SOLUTION 11: Compute the area of the region enclosed by the graphs of the equations $y=x$, $y=2x$, and $y=6-x$ . Begin by finding the points of intersection of the three graphs. From $y=x$ and $y=2x$ we get that $$x = 2x \ \ \longrightarrow \ \ -x = 0 \ \ \longrightarrow \ \ x = 0$$ From $y=x$ and $y=6-x$ we get that $$x = 6-x \ \ \longrightarrow \ \ 2x = 6 \ \ \longrightarrow \ \ \ x = 3$$ From $y=2x$ and $y=6-x$ we get that $$2x = 6-x \ \ \longrightarrow \ \ 3x = 6 \ \ \longrightarrow \ \ x = 2$$ Now see the given graph of the enclosed region.
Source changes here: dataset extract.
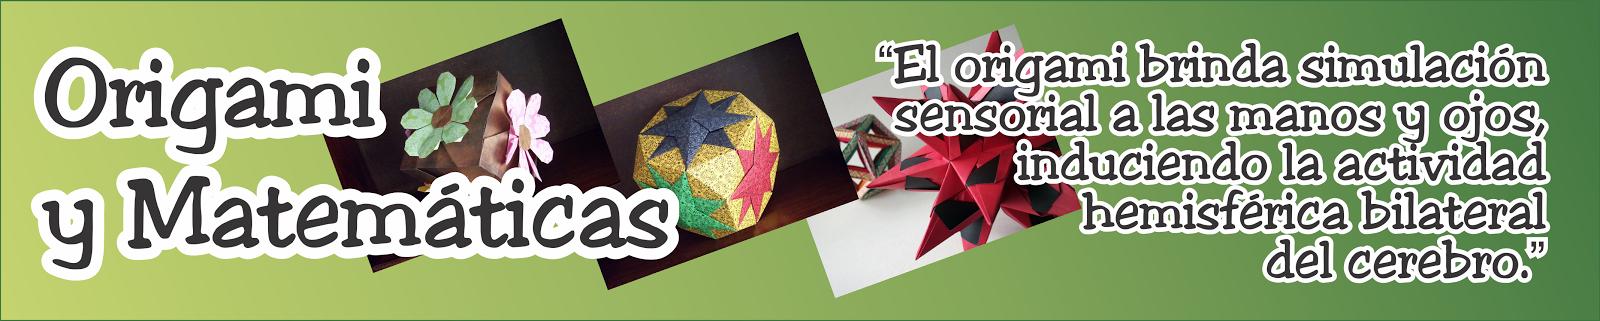 Origami y Matemáticas

Using vertical cross-sections to describe this region, which is made up of two smaller regions, we get that $$0 \le x \le 2 \ \ and \ \ x \le y \le 2x$$ in addition to $$2 \le x \le 3 \ \ and \ \ x \le y \le 6-x \ ,$$ so that the area of this region is $$AREA = \displaystyle{ \int_{0}^{2} (Top \ - \ Bottom) \ dx + \int_{2}^{3} (Top \ - \ Bottom) \ dx }$$ $$= \displaystyle { \int_{0}^{2} (2x - x) \ dx + \int_{2}^{3} ((6-x) - x) \ dx }$$ $$= \displaystyle { \int_{0}^{2} x \ dx + \int_{2}^{3} (6-2x) \ dx }$$ $$= \displaystyle { \frac{x^{2}}{2} \Big\vert_{0}^{2} + \Big( 6x - x^{2} \Big) \Big\vert_{2}^{3} }$$ $$= \displaystyle { \Big( \frac{2^{2}}{2} - \frac{0^{2}}{2} \Big) + \Big( (6 \cdot 3 - 3^{2}) - (6 \cdot 2 - 2^{2}) \Big) }$$ $$= \displaystyle { \Big( 2 - 0 \Big) + \Big( 9 - 8 \Big) }$$ $$= \displaystyle { 2 + 1 }$$ $$= \displaystyle { 3 }$$